There was Rebecca Cantowitz chatting with Ariel, fat and beloved, who ate green apples while she smoked. There she was with a girl named Merry (weirdly pronounced Murray, like Rebecca’s grandpa), who was frequently tripping on acid; Merry took Rebecca’s hand and said, Your lips are like a baby’s lips, and Hassan laughed because Rebecca so clearly had no idea what to say. Hassan was six foot five and perpetually slouching; it was hard to see his eyes through the thick glasses and mass of black hair. He hung around Stephan, Mike, and Josh, who each wore flannel shirts and had more or less sandy hair, more or less lanky good looks. They laughed without making much noise and rarely spoke to anyone besides one another and Chris Huang, who, for some reason, was referred to only by his full name.
She had found them all on the very first day of school, because she’d followed a tall girl with white-blond cornrows, in an electric-blue dress, across a covered bridge. When the girl turned around, she looked Swedish or vaguely elfin. Her eyes were light green.

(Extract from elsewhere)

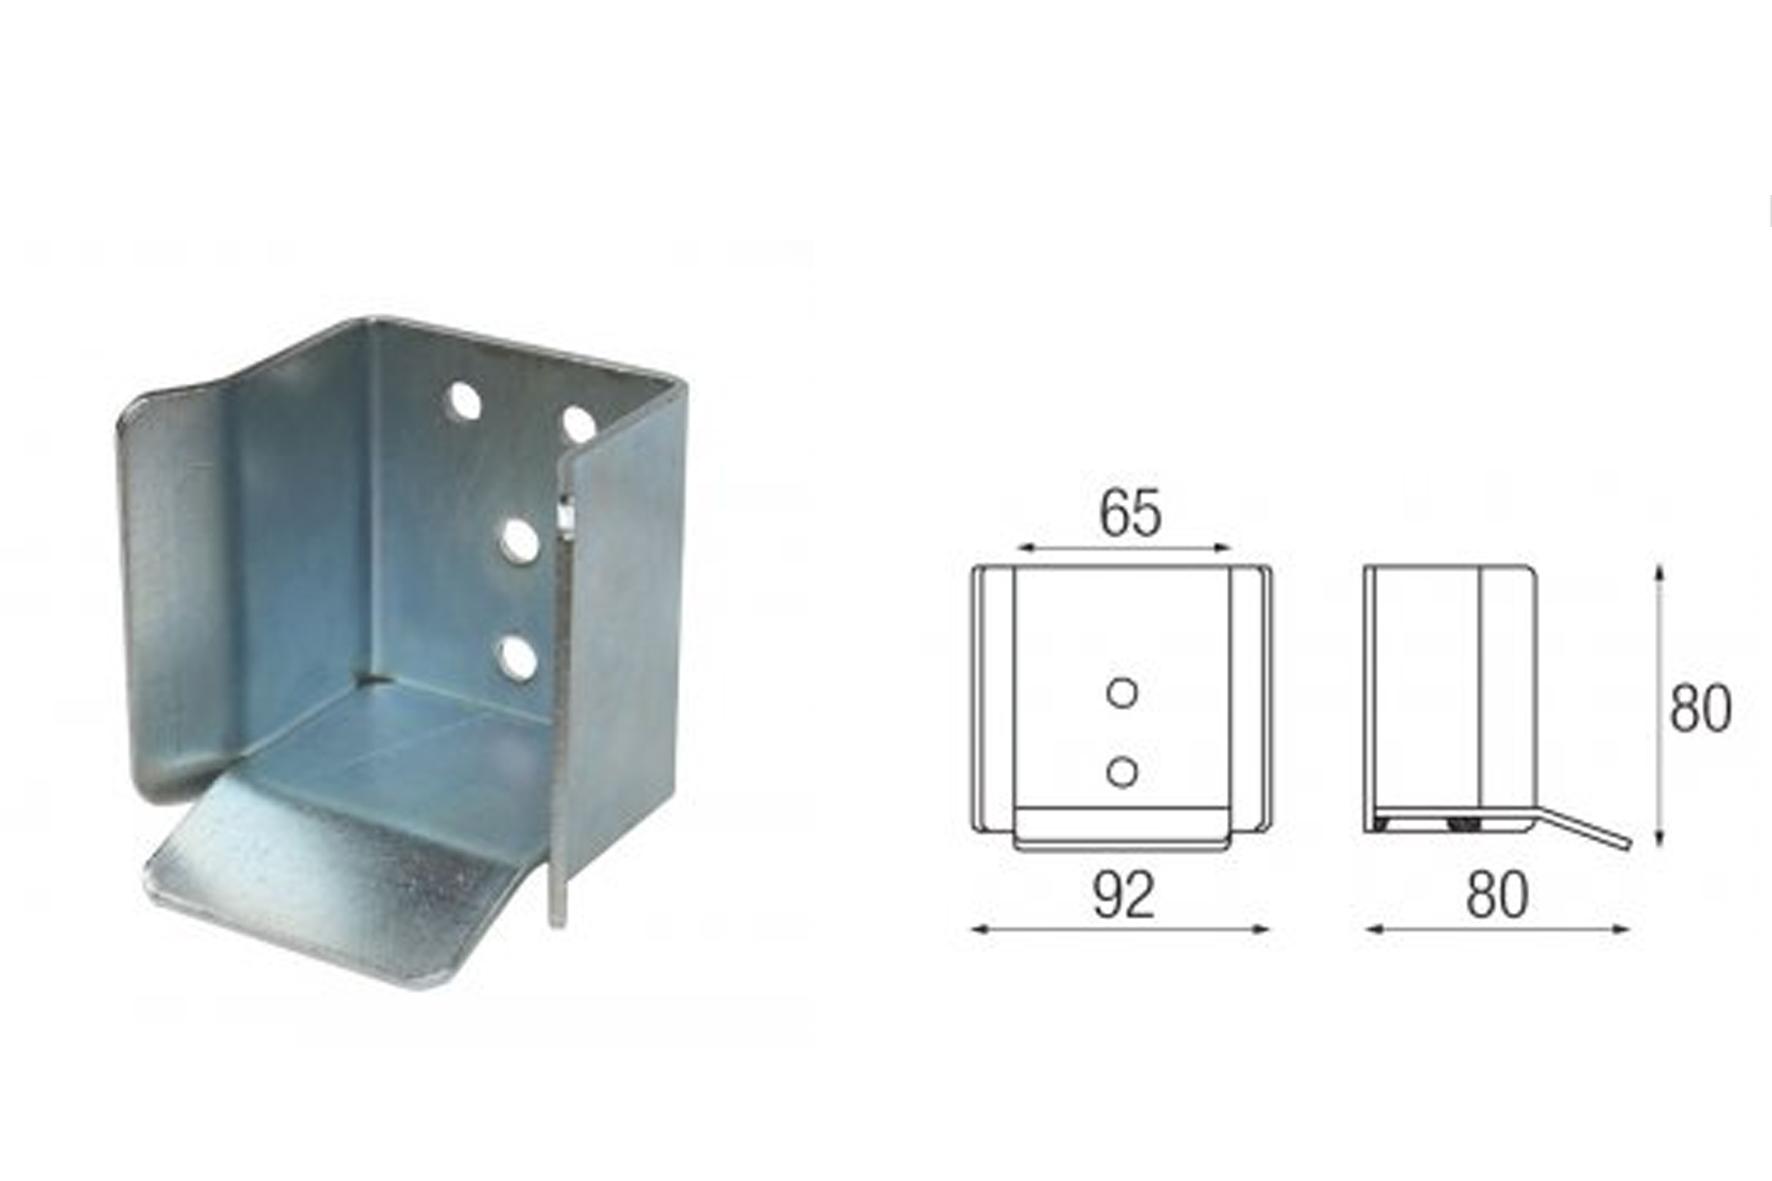 gache pour kit autoportant achat en ligne ou dans notre magasin. Black Bedroom Furniture Sets. Home Design Ideas
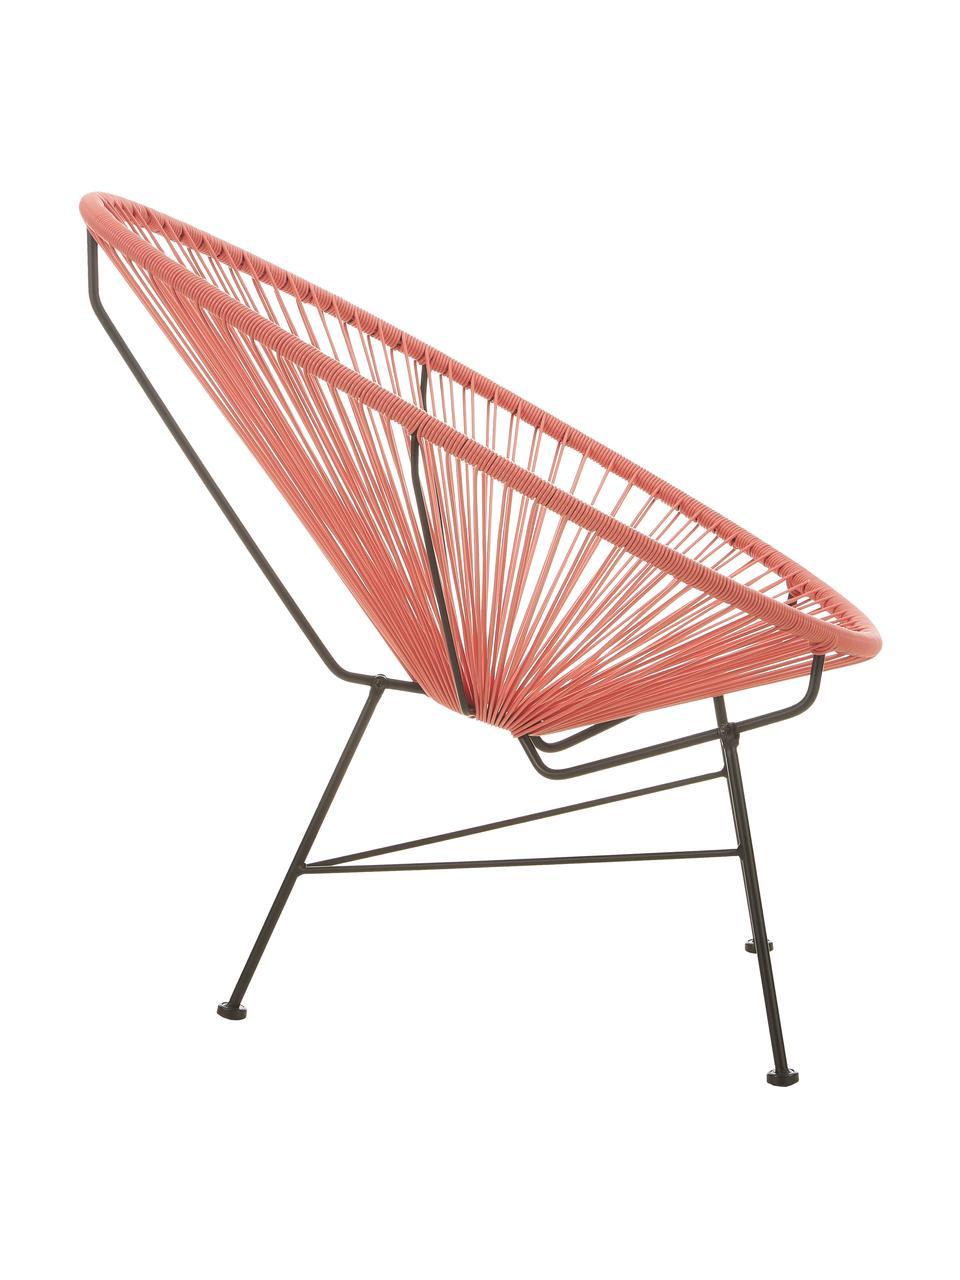 Loungefauteuil Bahia van kunststoffen vlechtwerk, Zitvlak: kunststof, Frame: gepoedercoat metaal, Oranje, 81 x 73 cm

Rebecca took a calculated risk. “I’m looking for a place to smoke.”
“Oh, Lord,” she said, in a way that made Rebecca want to laugh. There was suddenly nothing Swedish or elfin about her. “You freaked me out. You look so serious. I thought you were going to start reciting poetry or something.”
Rebecca kept silent but finally said, “What are you talking about?”
“You’re new, aren’t you?”
Rebecca nodded.
“I’m Vivi,” the girl said, more as an explanation than introduction. She’d resumed walking and led Rebecca into the woods.
When they’d arrived at a thick cluster of pine trees, Brian was playing hacky sack with particular flair, as a tinny recording of what Rebecca was pretty certain was a noodling Grateful Dead guitar solo played from a boom box. And even though Rebecca disliked hacky sack and thought “Uncle John’s Band” was profoundly grating, she couldn’t take her eyes off Brian’s glossy brown hair, his almond eyes, his skin so freckled it looked tan. Vivi approached Brian, who didn’t stop hacking, and for a second Rebecca locked eyes with her and saw that Vivi was seriously pissed. Whether she was pissed because Rebecca had been staring or she was just that angry with Brian had been unclear.